# [What you have to do]
Only the lines from the one that includes "Mujirushi Youhin Vol. 7 37" through the last line below belong in the reply, copied exactly and without pictures.

--- Recorded data Enclosed Below ---

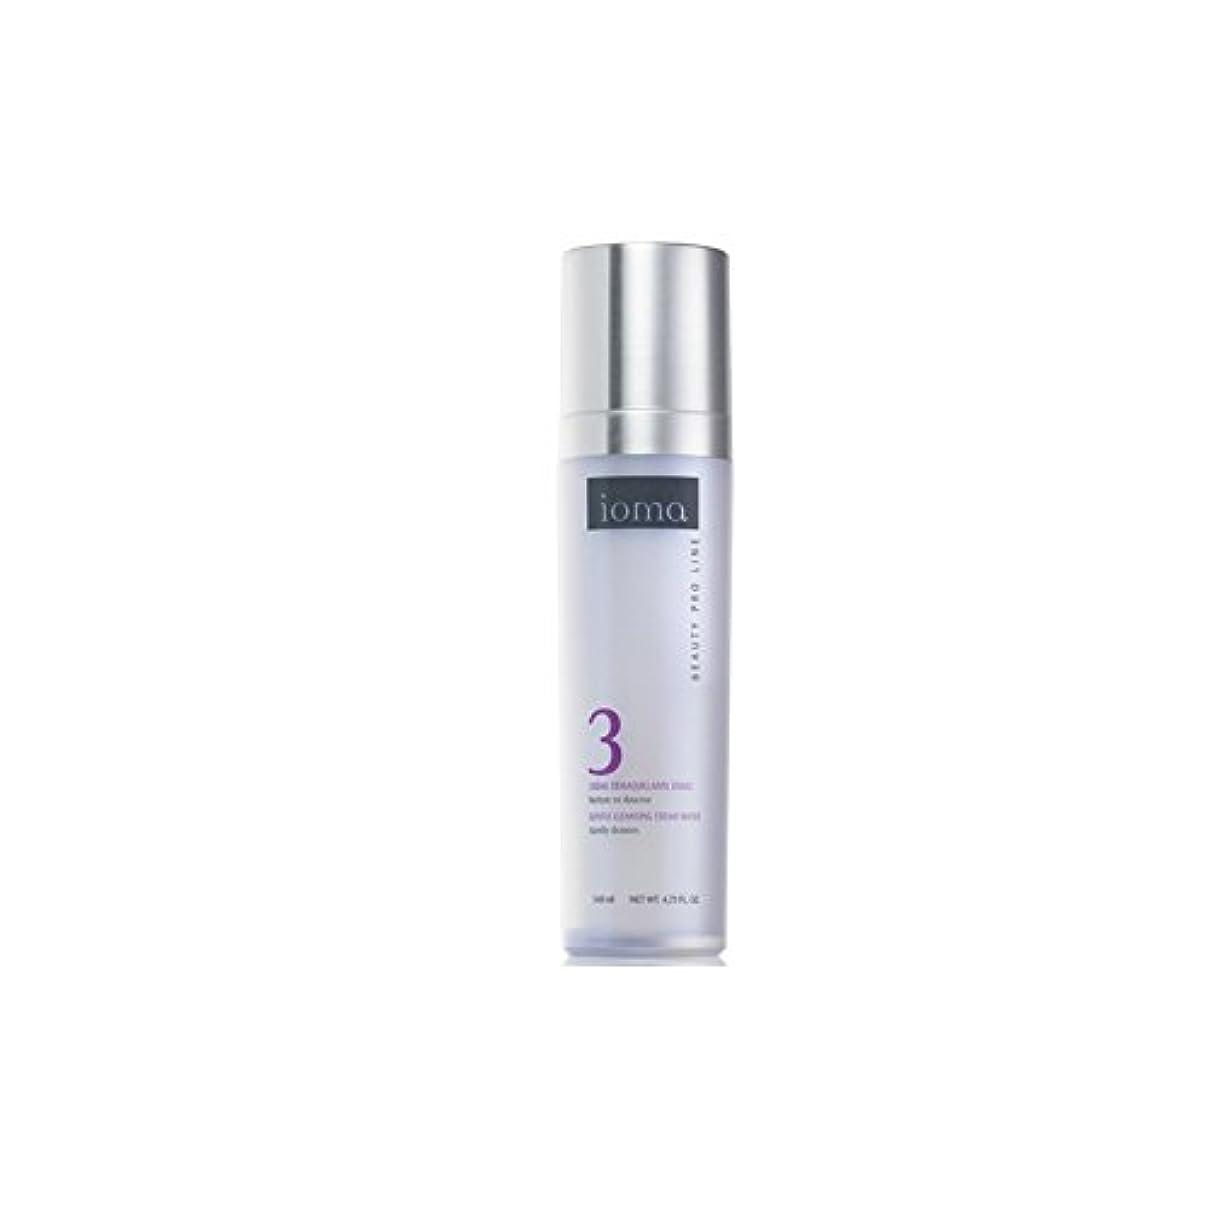 ジェントルクレンジングクリーム水140ミリリットル x4 - Ioma Gentle Cleansing Cream Water 140ml (Pack of 4) [並行輸入品]
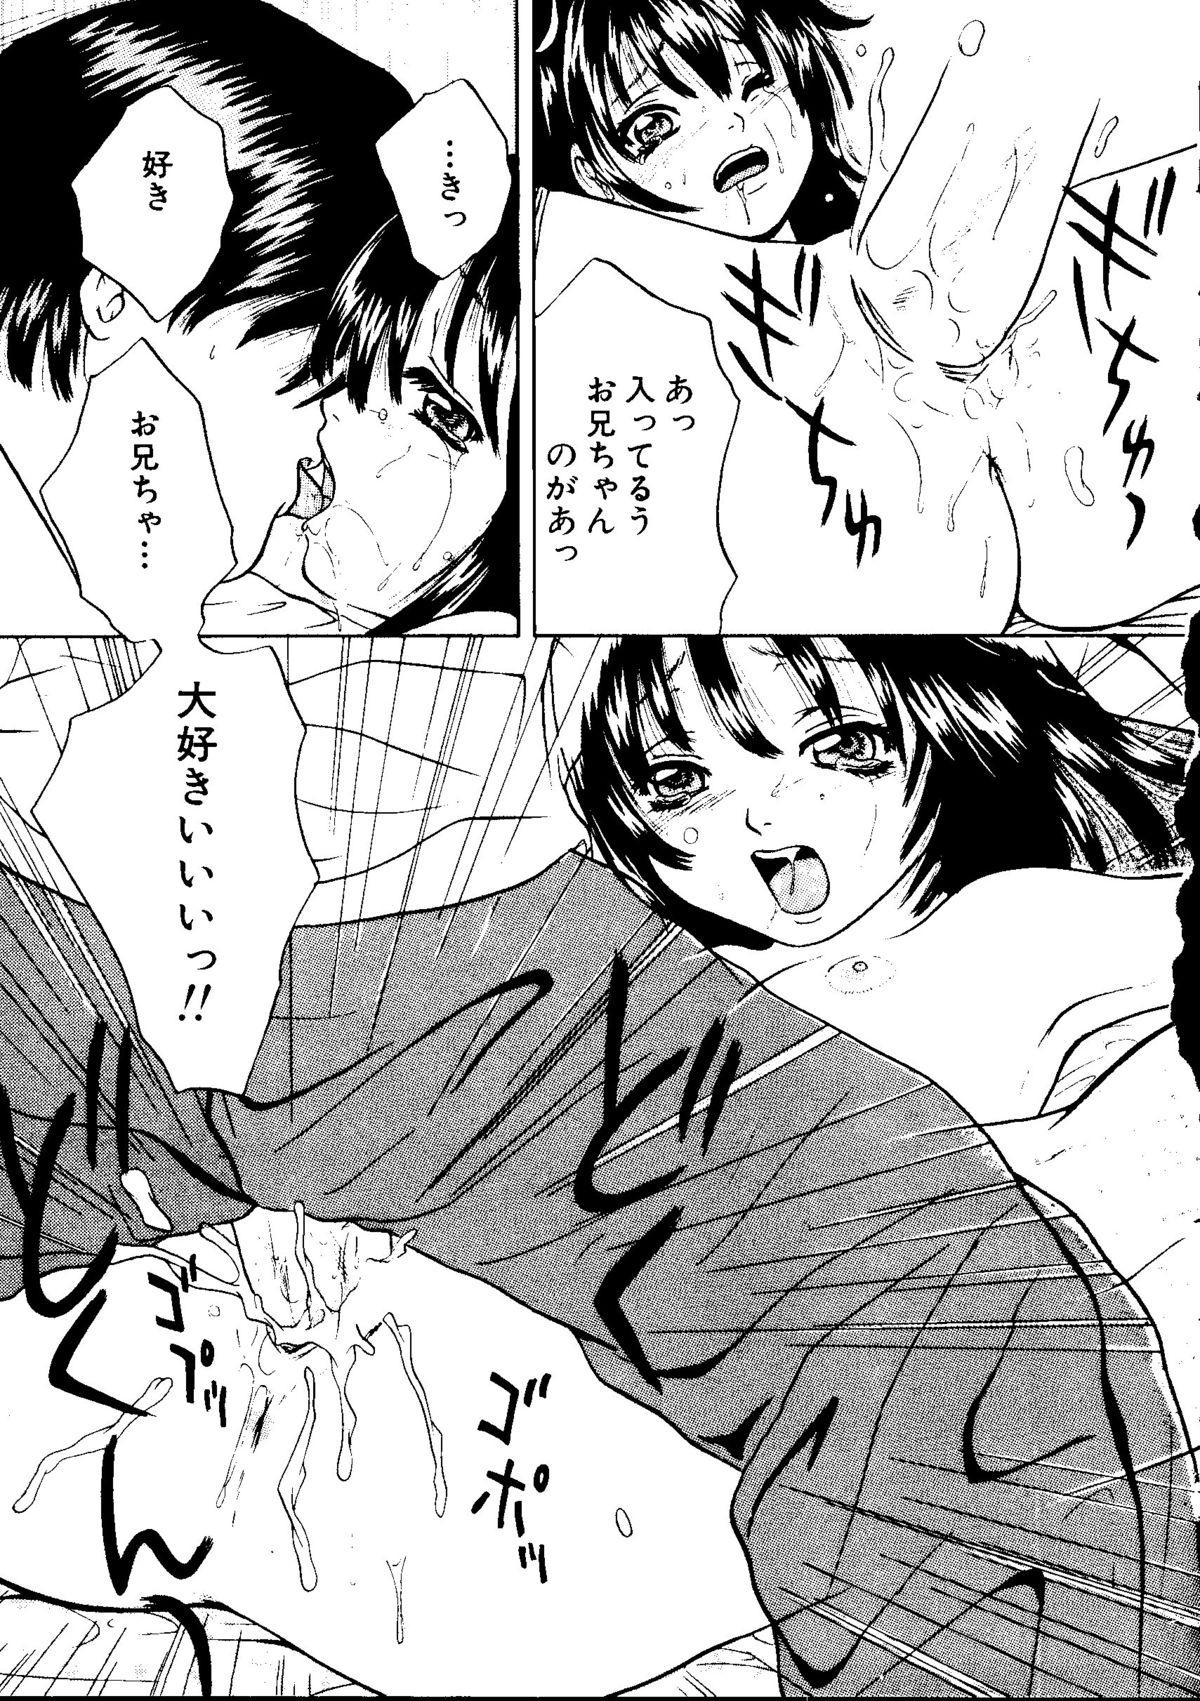 Mujirushi Youhin Vol. 7 37
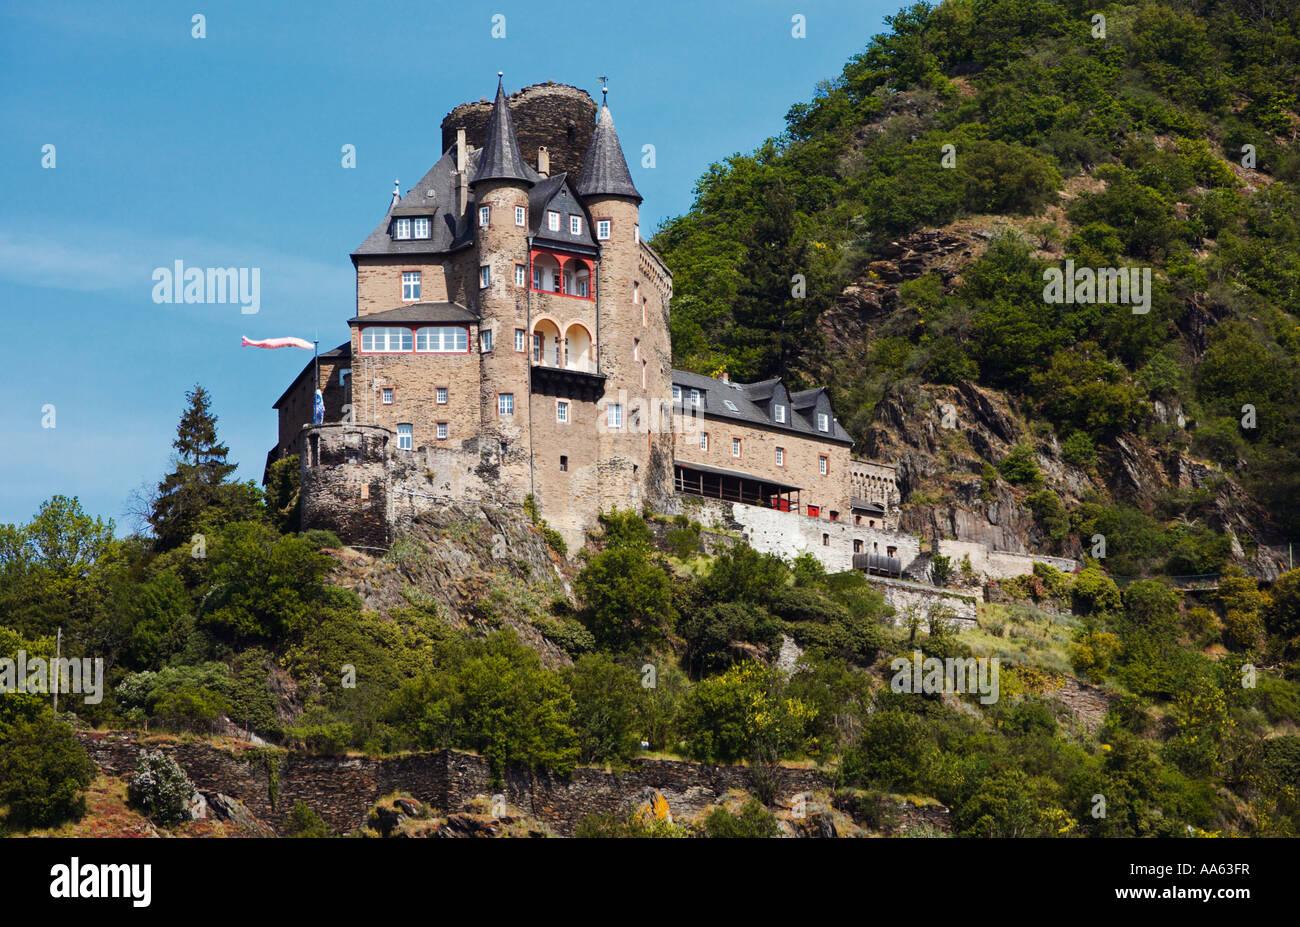 Castle Katz, Rhine castle, Rhineland, Germany, Europe - Stock Image

--- End of Enclosed Recorded data ---

# [Your response]
 Mujirushi Youhin Vol. 7 37
 Castle Katz, Rhine castle, Rhineland, Germany, Europe - Stock Image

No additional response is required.